Most information systems are intended to accept, process, and provide information to either support a business process, or to provide information that people in the organization use to make decisions or to answer questions. Business intelligence projects (or data warehouse projects) are often started when stakeholders desire to meld information from multiple systems, or arrange data in a way the source systems were not intended to support. The trick to making the most effective use of business intelligence systems is to understand those questions and decisions and focus on the specific pieces of information you need to answer those exact questions or make those particular decisions, and you don’t have to deal with data that you don’t need.
I recently worked with a team at a financial services company working on a project to incorporate a new data source into an existing data warehouse. The stakeholders had access to this other source of information for several years, but were not able to easily combine that information with other data that they used from other sources. When they did attempt to combine data, it was usually on an individual basis using excel. The stakeholders of this project identified several pre designed reports as well as wanted to be able to do adhoc queries. There were several unknowns about how the new data was structured, and the team was also concerned about how they would figure out what all adhoc queries the stakeholders wanted to do, and how long it would take them to figure that out.

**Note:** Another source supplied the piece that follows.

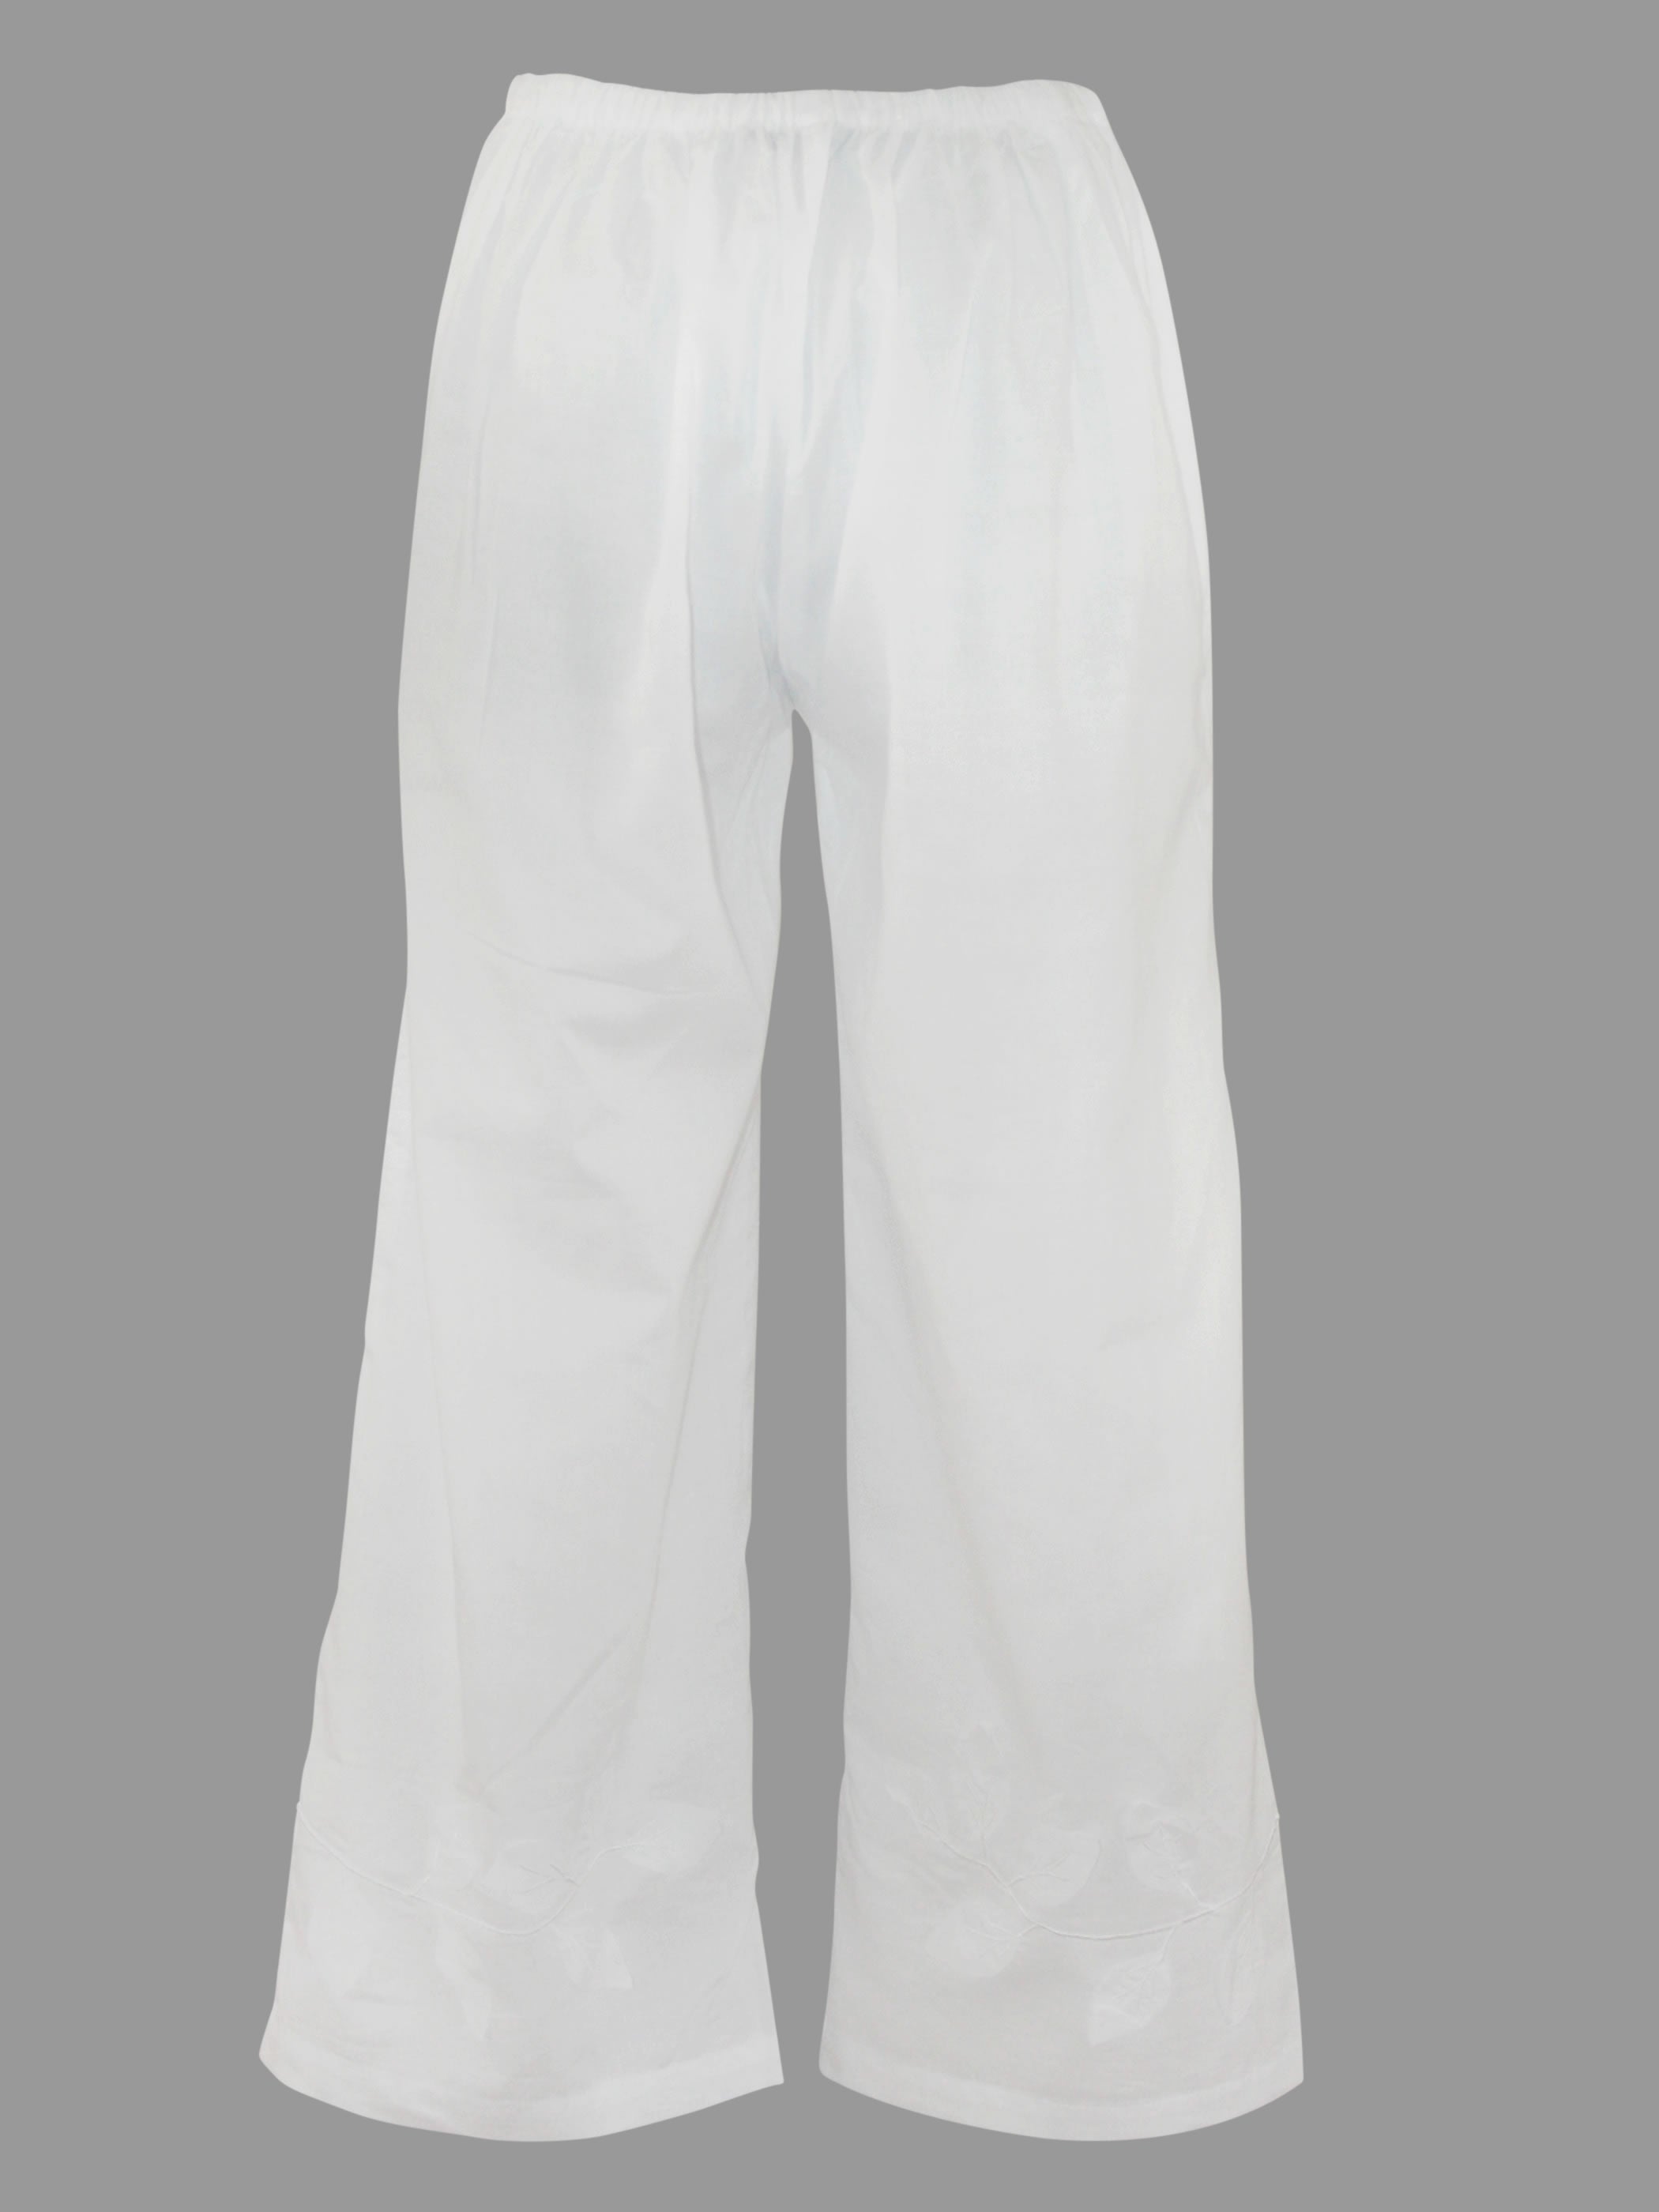 Lani White Cotton Yoga Pants
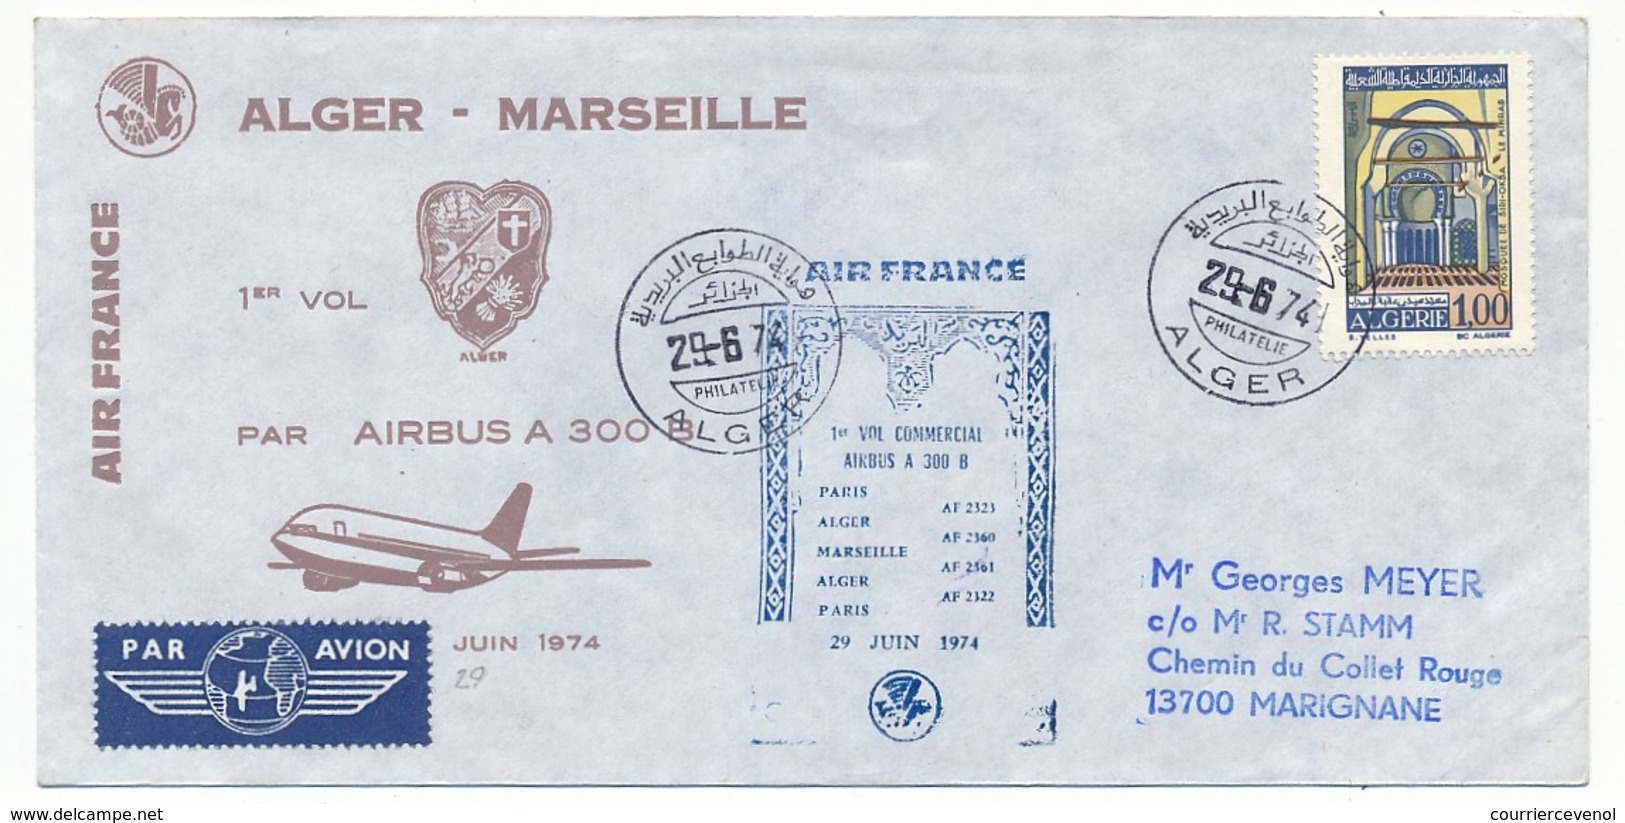 FRANCE - 2 Enveloppes - Marseille Alger (et Retour) Airbus 300B - 1974 - Primeros Vuelos

I suggested that one way to speed things up was to reduce the amount of analysis they did. I did not mean cutting corners on analysis, but rather to reduce the amount of items they were trying to analyze. They could do this by starting with the outcomes they were trying to produce, determine what outputs are needed to drive those outcomes, and then figure out what processes and inputs are needed specifically to deliver those outcomes. They would be able to apply a lot more focus, and deliver value sooner, by selecting a specific outcome they wanted to support first, and focus on delivering the associated reports. They could then figure out what inputs and processes were needed for those specific reports and deliver those, getting feedback from the stakeholders requesting the reports. Over the course of the project, this approach allows stakeholders to start using getting some information much earlier than they would have had all the analysis been done before moving on to development.
As we talked about the best way to proceed with the project, we decided to focus on the predefined reports first. We determined that if we addressed the known needs, we could fairly quickly deliver information that would support those needs, and in many cases structure data in a way that would meet the majority of the stakeholder’s adhoc query needs. We established user stories for each of the reports that acted as placeholders for further analysis when we got closer to delivering that particular report. We used some sample reports the stakeholders had put together as a reference point for identifying the user stories, and also figured we could use those reports as further information when doing a deep dive analysis on every specific story.
The team decided to start with a report that consisted of a list of a mutual funds belonging to a specific client and information about each fund that was derived from multiple sources. While this report was not necessarily the report that all of the stakeholders wanted more than any other, it was a key report that had to be done in order to produce most of the others. The team looked at the sample report and tried to determine if it was small enough they could deliver it in a couple of weeks. The team thought it would be best to break it up into three smaller stories, two stories including data sourced from different systems, and one story that consisted of data elements that were calculated based on other data elements. To further describe these stories, the team started building a data dictionary with relevant information about the data elements and their sources, as well as any transformations that were necessary to arrive at the desired data. The team also identified some sample clients that they could use to test the reports when they were developed. These sample clients were selected because they represented a wide selection of the cases that the team would run into with the data in which they were working.
The stories, the report prototypes, the data dictionary, and the example clients were all the requirements information that the team pulled together. They agreed to try using that information and adjust if they found that they did not have sufficient information, or if they found that some of the information was not really necessary. As of the last time I checked with the team, they have not needed to adjust the types of requirement information they were preparing.
Following this approach allowed the team to some of the data in the existing systems because it not needed. Starting with outputs and working backwards means that the team does not have to dig into deep detail about those elements that are not needed, which they would have if they had started with analyzing source system. This saved the team time, effort, and frustration. Plus, by delivering things iteratively the team was able to get feedback on what they had delivered to date and revise their approach going forward to make it more efficient and increase the chance of delivering what their stakeholders needed.